Exercise directions → When you transcribe the listing that follows, keep every line exact and skip any picture.

Collected data →
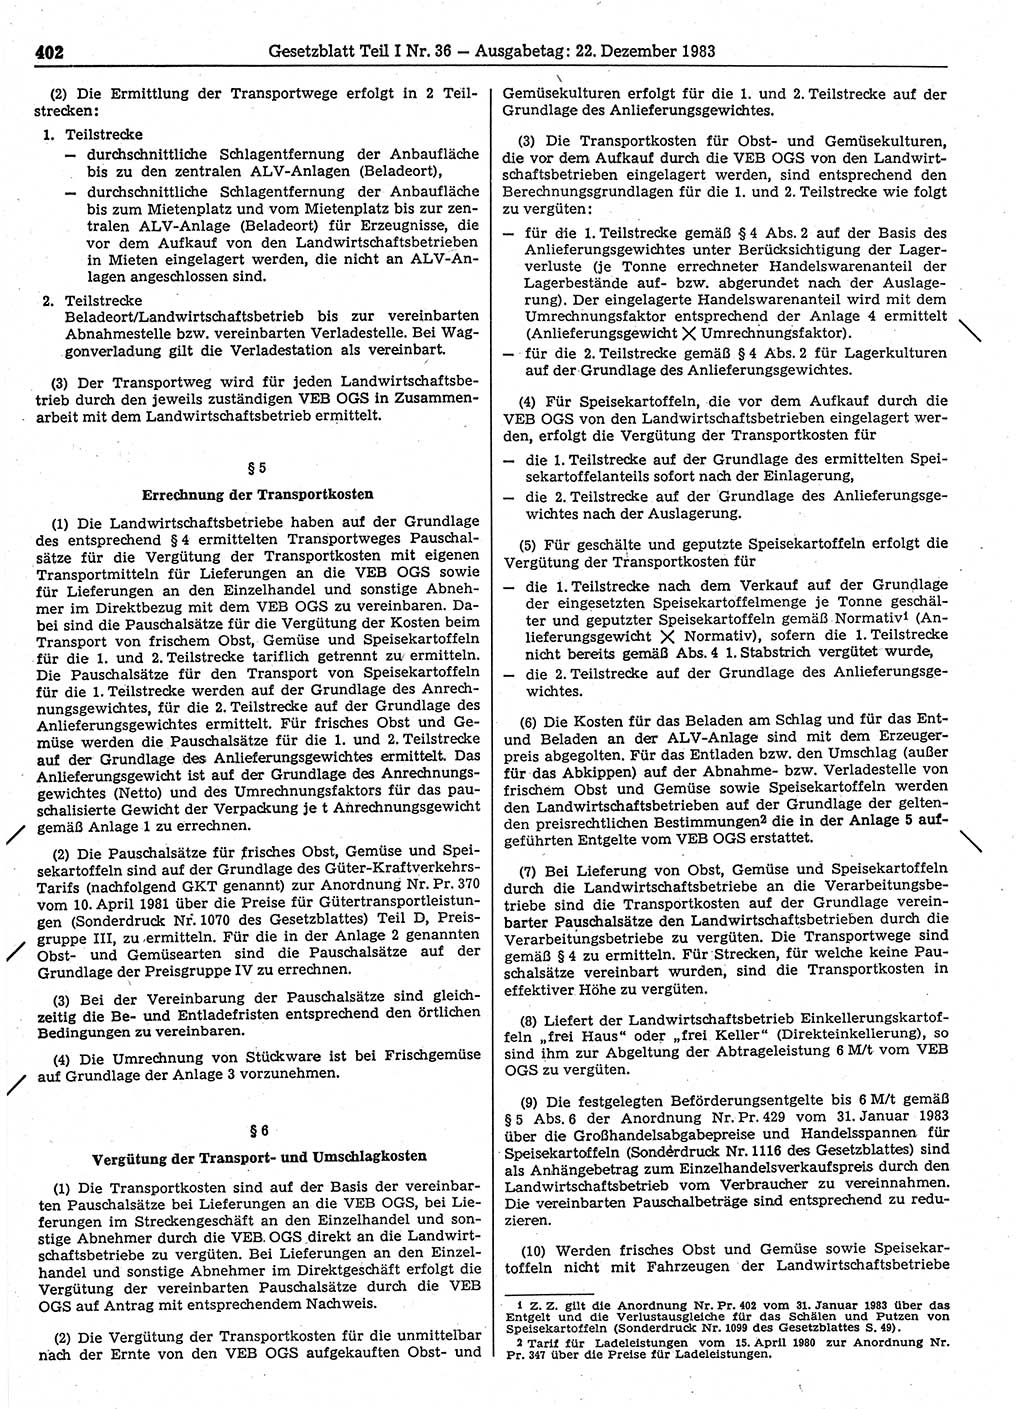 Gesetzblatt (GBl.) der Deutschen Demokratischen Republik (DDR) Teil Ⅰ 1983, Seite 402 (GBl. DDR Ⅰ 1983, S. 402)
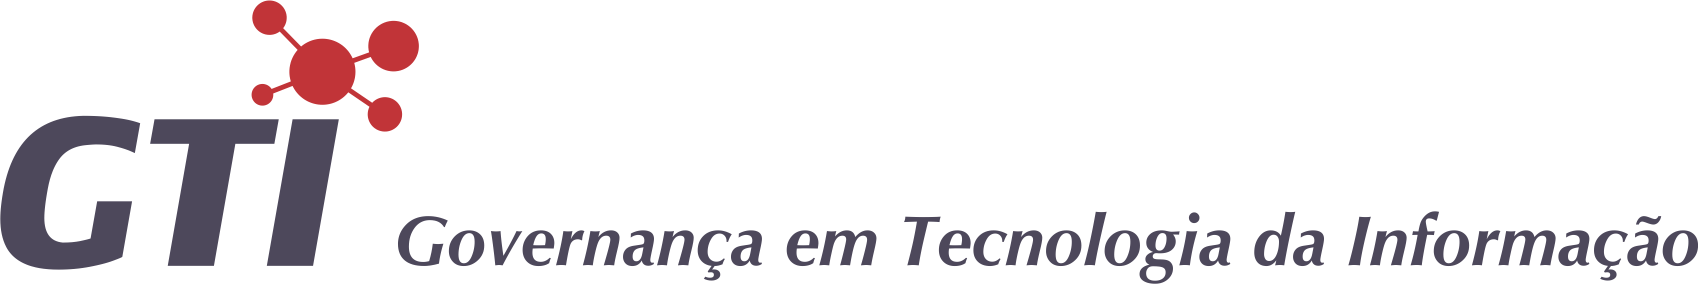 Banner topo - Governana em Tecnologia da Informao
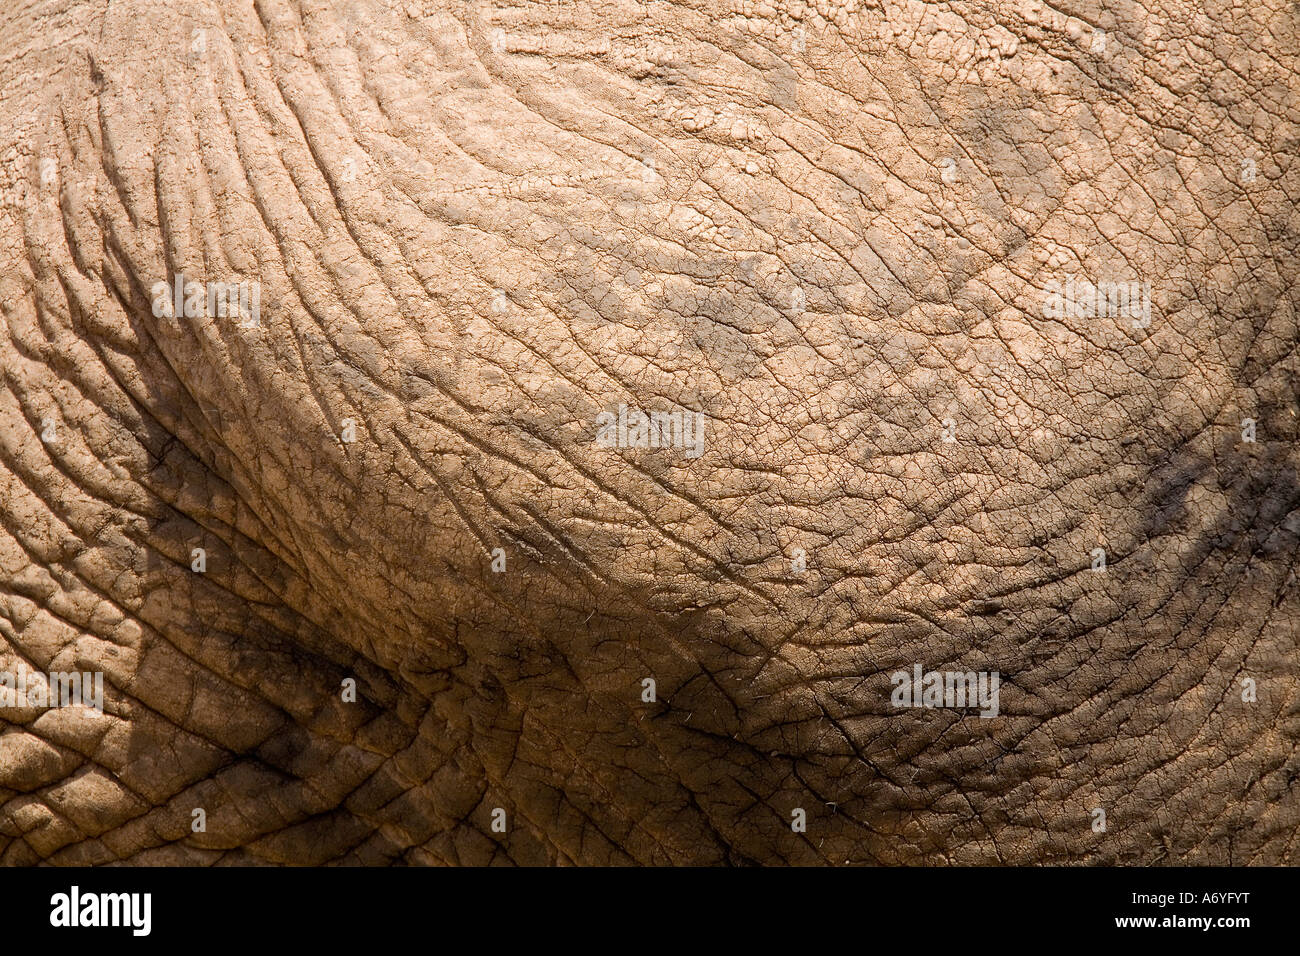 Close up of elephant skin Stock Photo

Reply →
 Gesetzblatt (GBl.) der Deutschen Demokratischen Republik (DDR) Teil Ⅰ 1983, Seite 402 (GBl. DDR Ⅰ 1983, S. 402)
 Banner topo - Governana em Tecnologia da Informao
 Close up of elephant skin Stock Photo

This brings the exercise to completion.